Yes! Set `YAZE_AI_PROVIDER` per command:
```bash
YAZE_AI_PROVIDER=ollama z3ed agent run --prompt "Quick test"
YAZE_AI_PROVIDER=gemini z3ed agent run --prompt "Complex task"
```
### What if I don't want to use AI?
The CLI still works without LLM integration:
```bash
# Direct command execution (no LLM)
z3ed rom validate --rom zelda3.sfc
z3ed palette export --group sprites --id soldier --to output.pal
```
AI is **optional** and additive.
## Next Steps
### For @scawful (Project Owner)
1. **Review this plan**: Confirm priority shift from IT-10 to LLM integration
2. **Decide on Phase 1**: Start Ollama implementation (~4-6 hours)
3. **Allocate time**: Schedule implementation over next 1-2 weeks
4. **Test setup**: Install Ollama and verify it works on your machine
### For Contributors
1. **Read the docs**: Start with [LLM-INTEGRATION-PLAN.md](LLM-INTEGRATION-PLAN.md)
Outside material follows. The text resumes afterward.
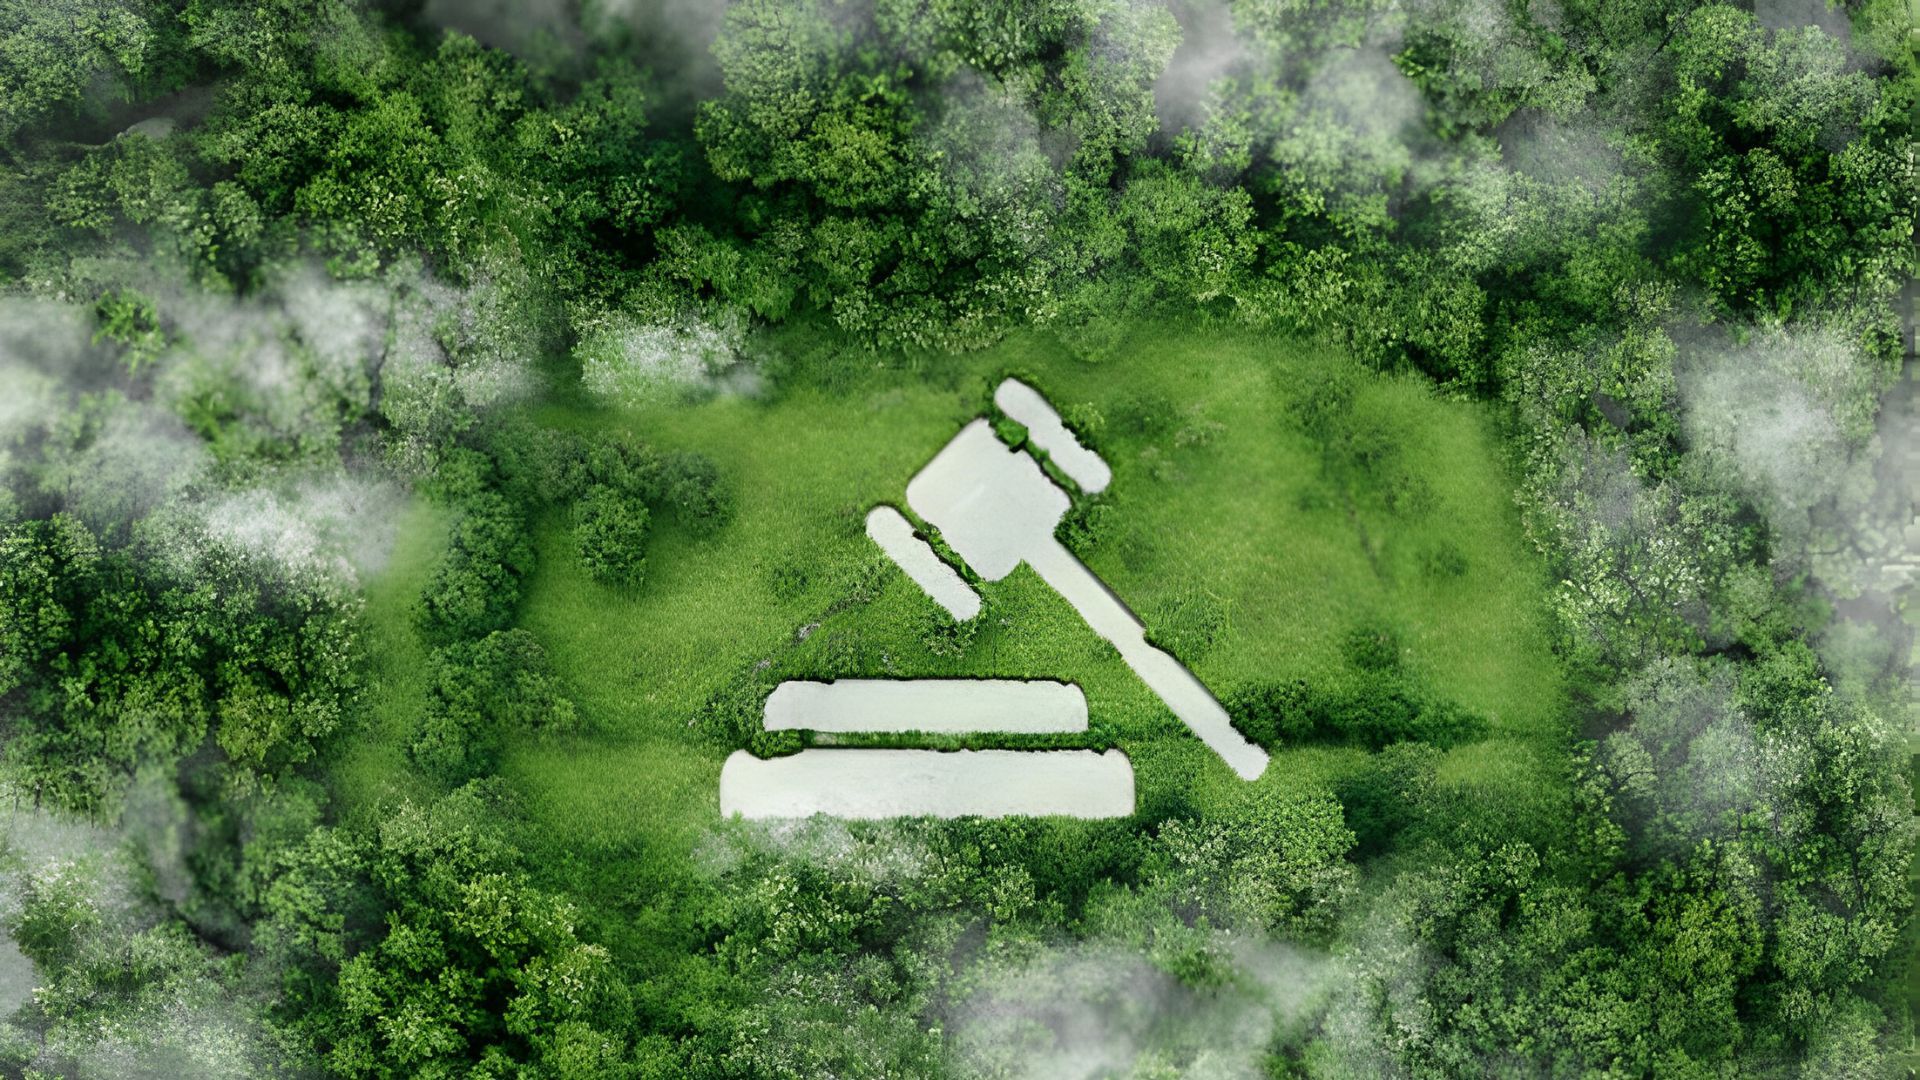 Green Law: Preserving the Environment

2. **Pick a phase**: Phase 1 (Ollama) is the highest priority
3. **Follow checklist**: Use [LLM-IMPLEMENTATION-CHECKLIST.md](LLM-IMPLEMENTATION-CHECKLIST.md)
4. **Submit PR**: Include tests + documentation updates
### For Users (Future)
1. **Wait for release**: This is in development
2. **Install Ollama**: Get ready for local LLM support
3. **Follow setup guide**: Will be in `AI-SERVICE-SETUP.md` (coming soon)
## Timeline
**Week 1 (Oct 7-11, 2025)**: Phase 1 (Ollama)
**Week 2 (Oct 14-18, 2025)**: Phases 2-4 (Gemini, Claude, Prompting)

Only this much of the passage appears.